Captain Renault attempted to deal with the gambling “problem” by closing Rick’s Casino for one night, thus averting a fight between the Free French citizens and Major Strasser and her evil Nazi thugs.
Here in the U.S., one attempt to quantify and reduce overuse is the new Patient-Centered Outcomes Research Institute (PCORI) which issued its much anticipated first report on national priorities on January 23.
The 22-page report stopped short of specifying any diseases or conditions that would be targeted for comparative effectiveness research.
Instead it made a series of general statements, intended to “define the boundaries” and “define the types of questions that we want to invest in,” said one panel member.

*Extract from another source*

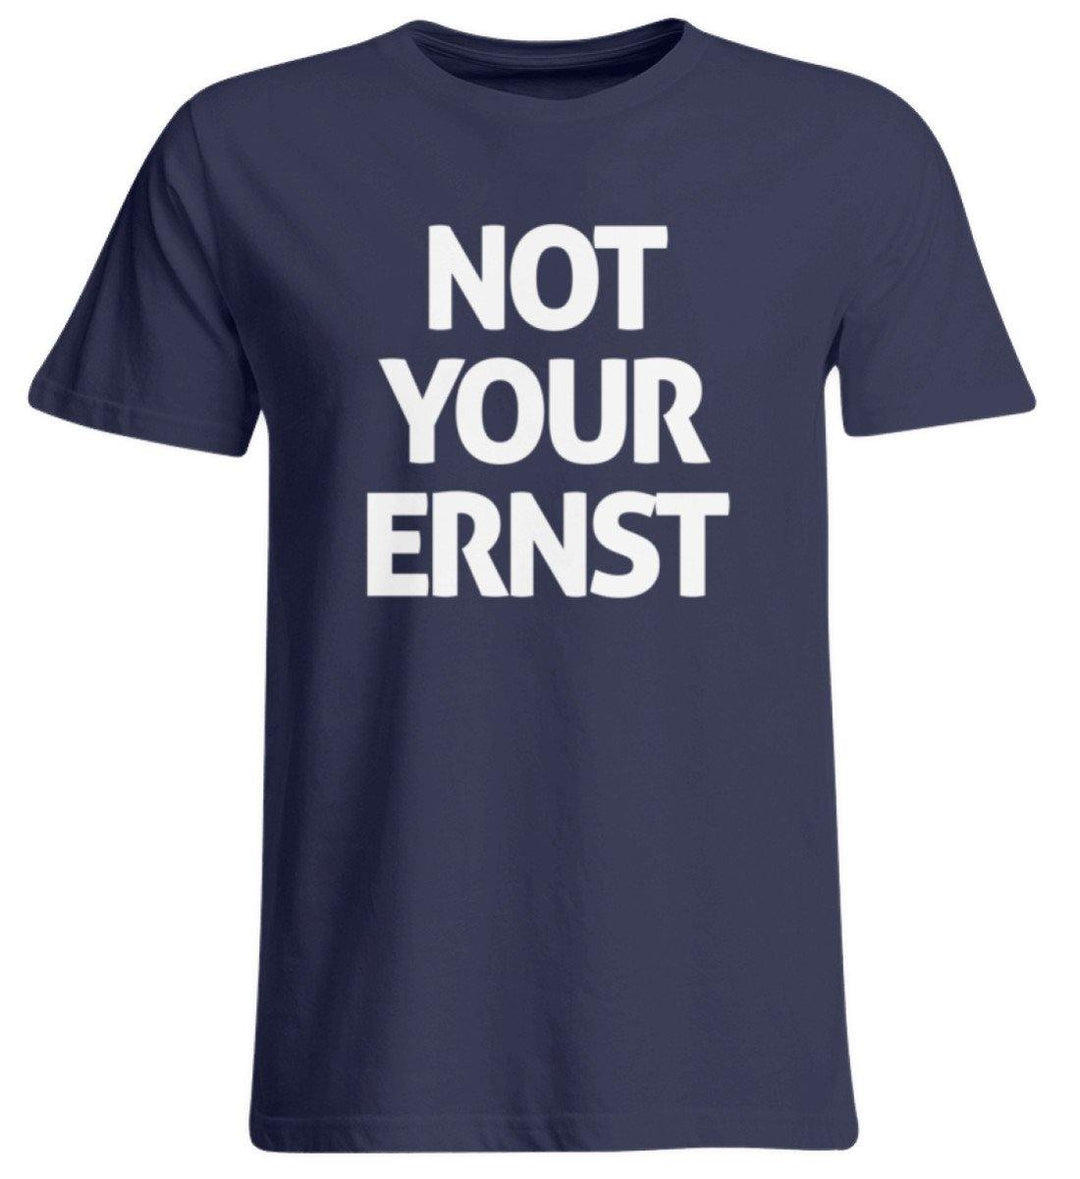 Not Your Ernst - Words on Shirt  - Übergrößenshirt - Words on Shirts Sag es mit dem Mittelfinger Shirts Hoodies Sweatshirt Taschen Gymsack Spruch Sprüche Statement
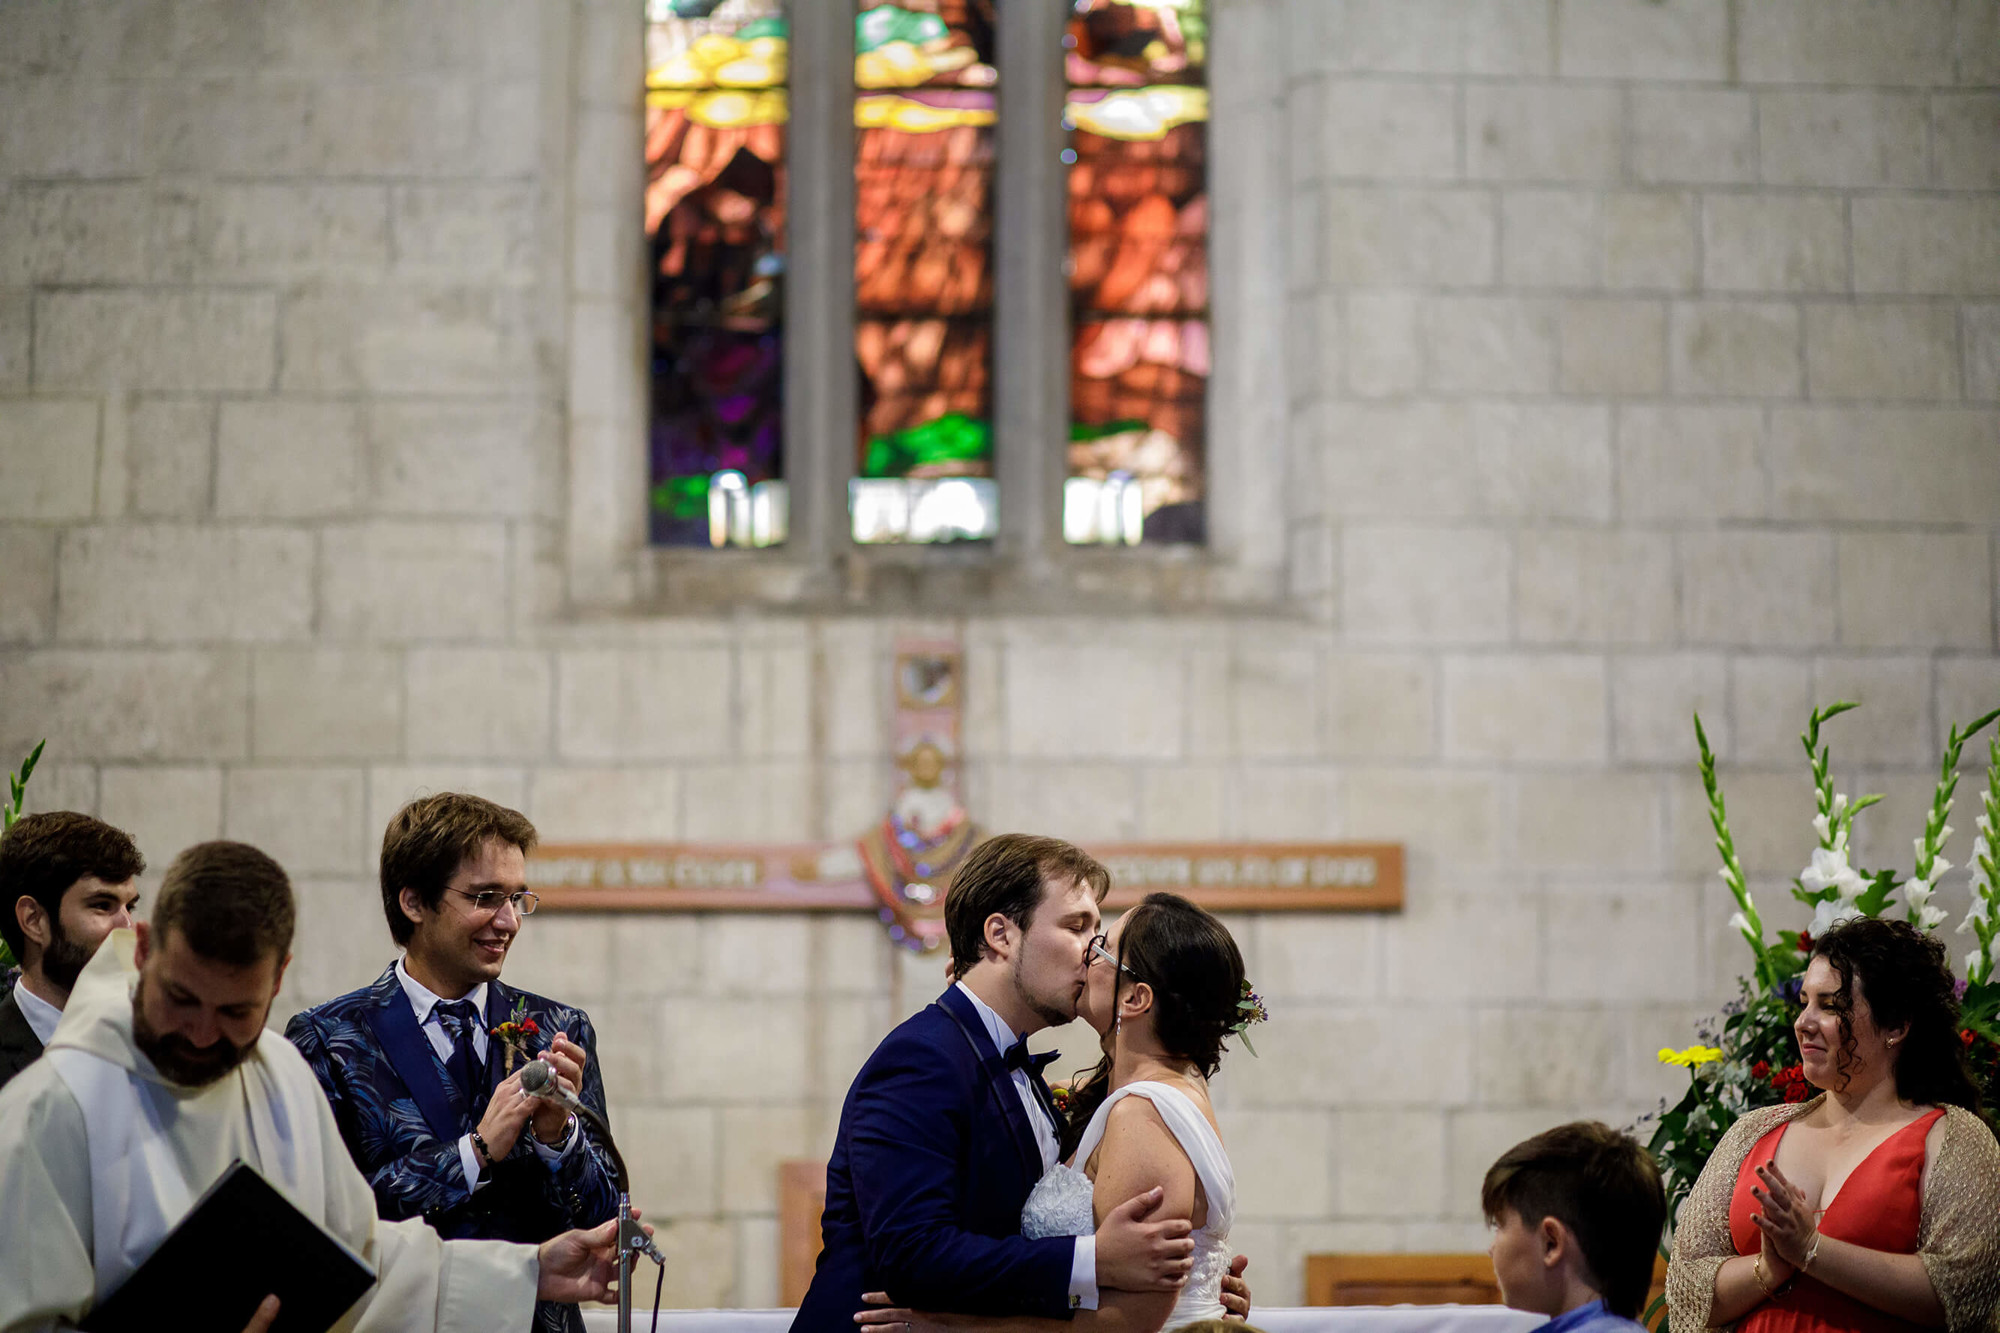 Primer petó dels nuvis a la boda a l'església de Sant Francesc de Vilafranca del Penedès.

In Casablanca, Humphrey Bogart was forced to abandon the girl (Ingrid Bergman) and along with Claude Rains (Captain Renault), was forced to flee the city, heading for a French army camp deep in the North African desert. An initial setback for the two men, but “the beginning of a beautiful friendship,” said Bogart.
Let us hope the PCORI panel members maintain their sense of optimism as they begin a long struggle against the huge problem of overuse which may generate opposition from some entrenched interests.
January 16, 2012
Best Buy Offers Aetna Products
Best Buy has started selling “wellness plans” from Aetna, reports MobileHealthNews. According to the article,
“Three Best Buy stores in the suburban Chicago area are now selling four wellness programs offered by Aetna focused on fitness, weight management, smoking cessation, and stress management. Shoppers can buy hanging cards that explain each of the online programs that they can then access online. Each program costs $19.99.”
The article doesn’t define exactly what the consumer gets for $19.99, although it must be guidance or online advice, not actual health insurance. My first reaction, as someone who spent a decade working for a health insurance company, is that this marks the rehabilitation of the HMOs. At the height of the managed care hatred, 1995-2005, Best But would never have wanted to be associated with Aetna or any other health insurer. At one point, health insurers vied with tobacco companies as the most hated corporations.
According to the news article, Best Buy has created “health departments” in some of its stores and is selling “health devices like Withings’ blood pressure cuff, iHealth’s weight scale, the Basis B1 Band, Fitbit Ultra, or Jawbone’s UP.”
The article reported that an Aetna spokesperson said
“If shoppers are at Best Buy to purchase a pedometer or blood pressure cuff, they might also be interested in a program that helps them achieve health goals associated with the device. Best Buy employees at these three particular stores have been trained specifically to help shoppers in the health department sections.”
Will the new effort succeed?
The report points out that in 2004, Best Buy attempted to launch a new chain of retail stores, called Eq-Life, which “which aimed to help women shoppers buy technology and resources to manage their family’s health.”
The idea never gained traction and was quietly folded.
I don’t know if the having Aetna products will make money for Best Buy, but I know it is a winner for the health insurers. This is a major marketing coup. They are displayed on Best Buy’s shelves along with Apple, Microsoft, HP, Samsung, Symantec and many other highly respected consumer brands.